::: Provided data :::

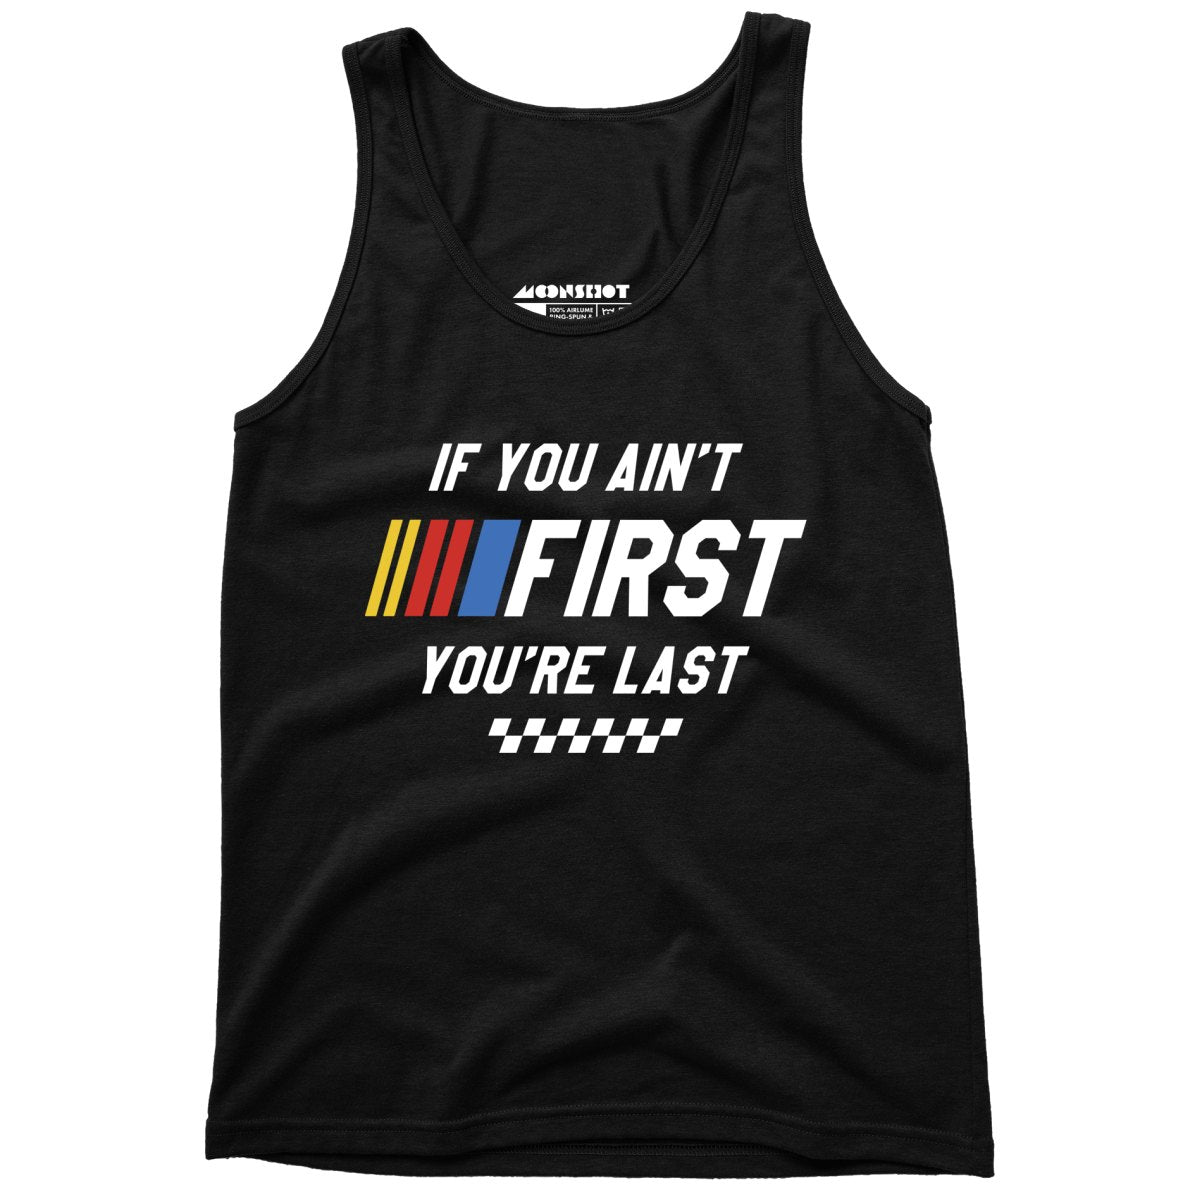 If You Ain't First You're Last - Talladega Nights - Unisex Tank Top
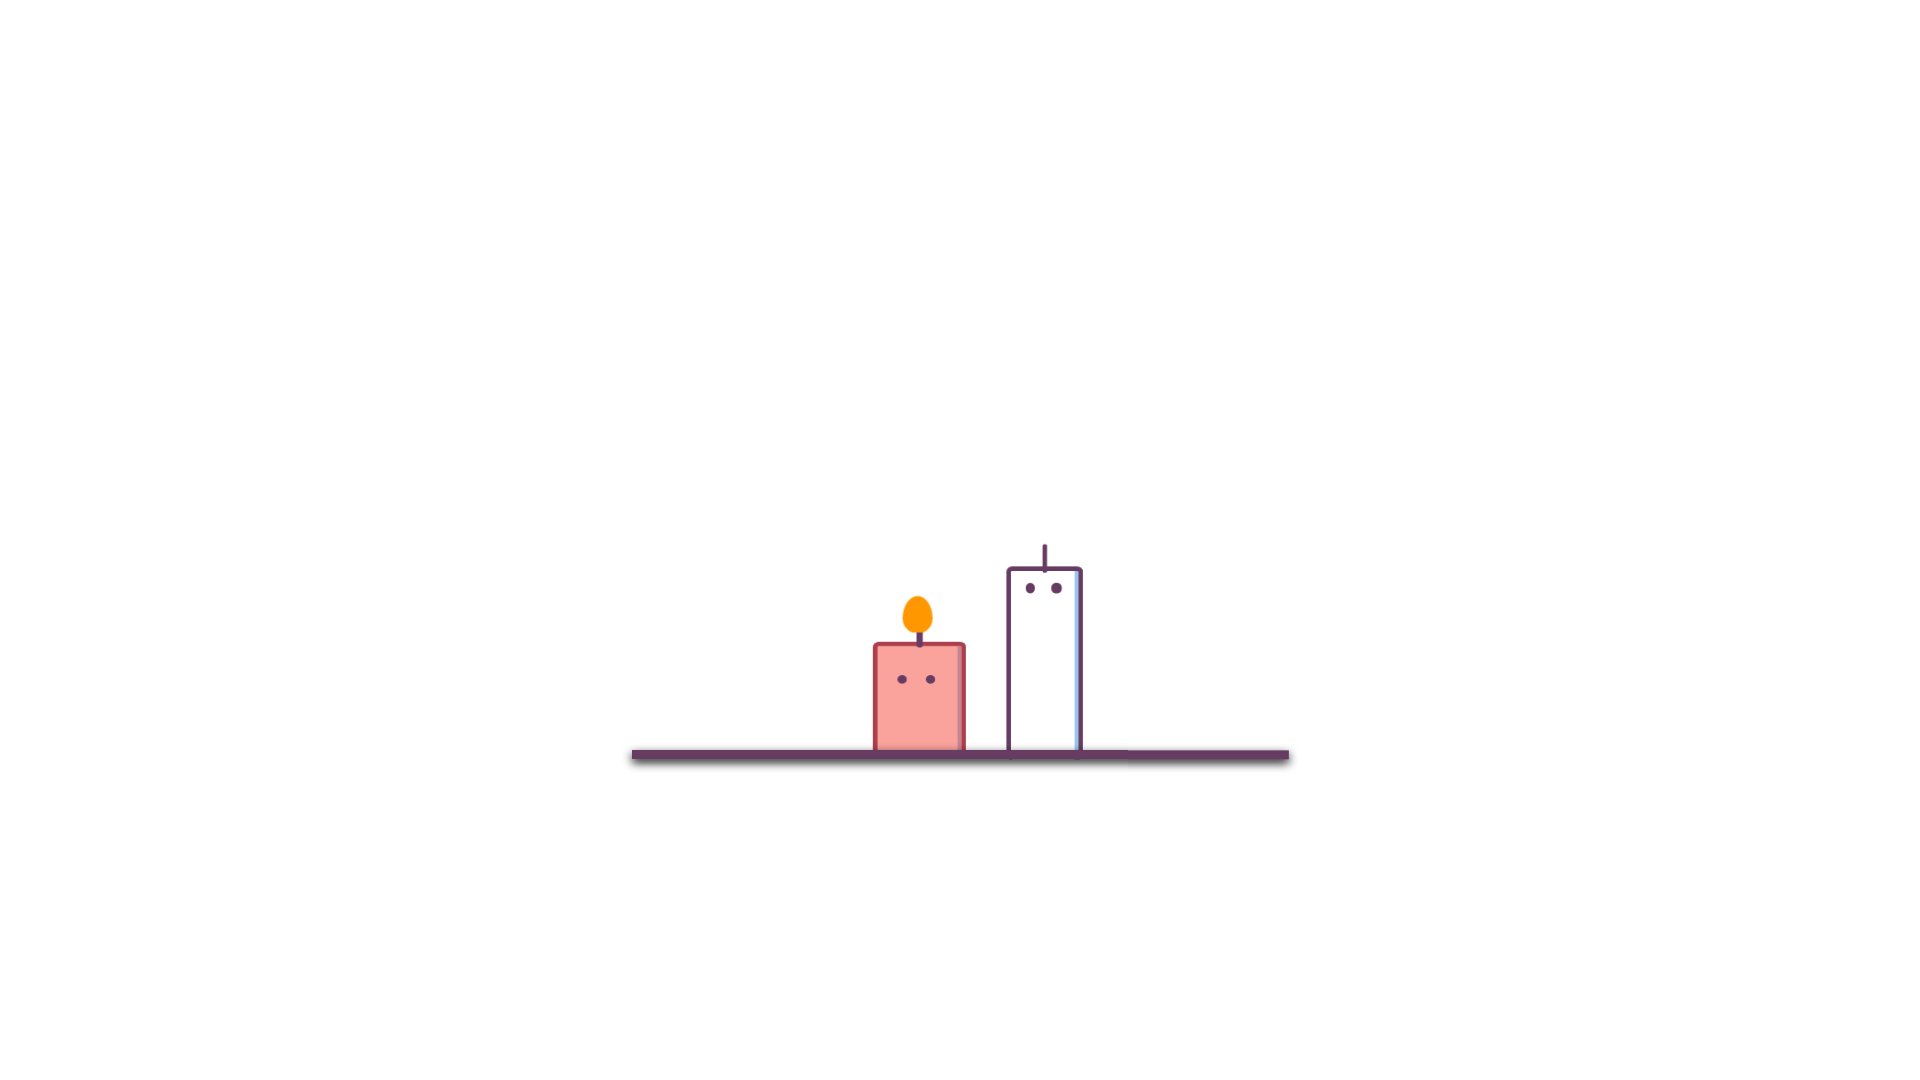 Funny Candle Pure CSS Keyframe Animation
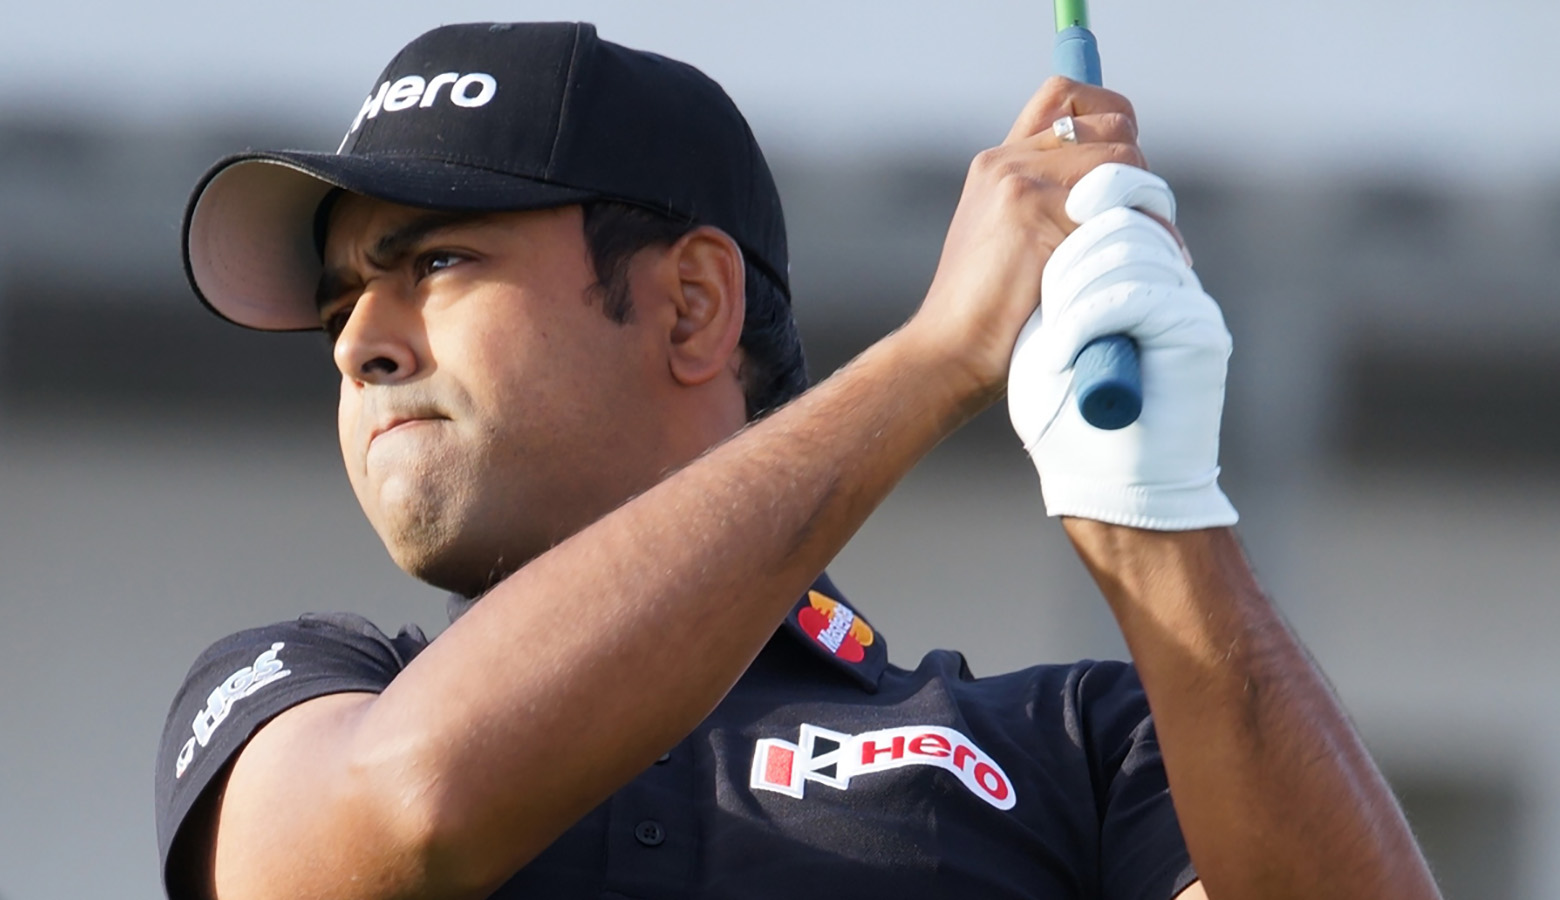 Lahiri misses small putts but shoots 69 to lie 32nd at John Deere Classic

:::

What you should do » All of the material above is to be retyped verbatim, with its pictures omitted.

Solution for this task »
 If You Ain't First You're Last - Talladega Nights - Unisex Tank Top
 Funny Candle Pure CSS Keyframe Animation
 Lahiri misses small putts but shoots 69 to lie 32nd at John Deere Classic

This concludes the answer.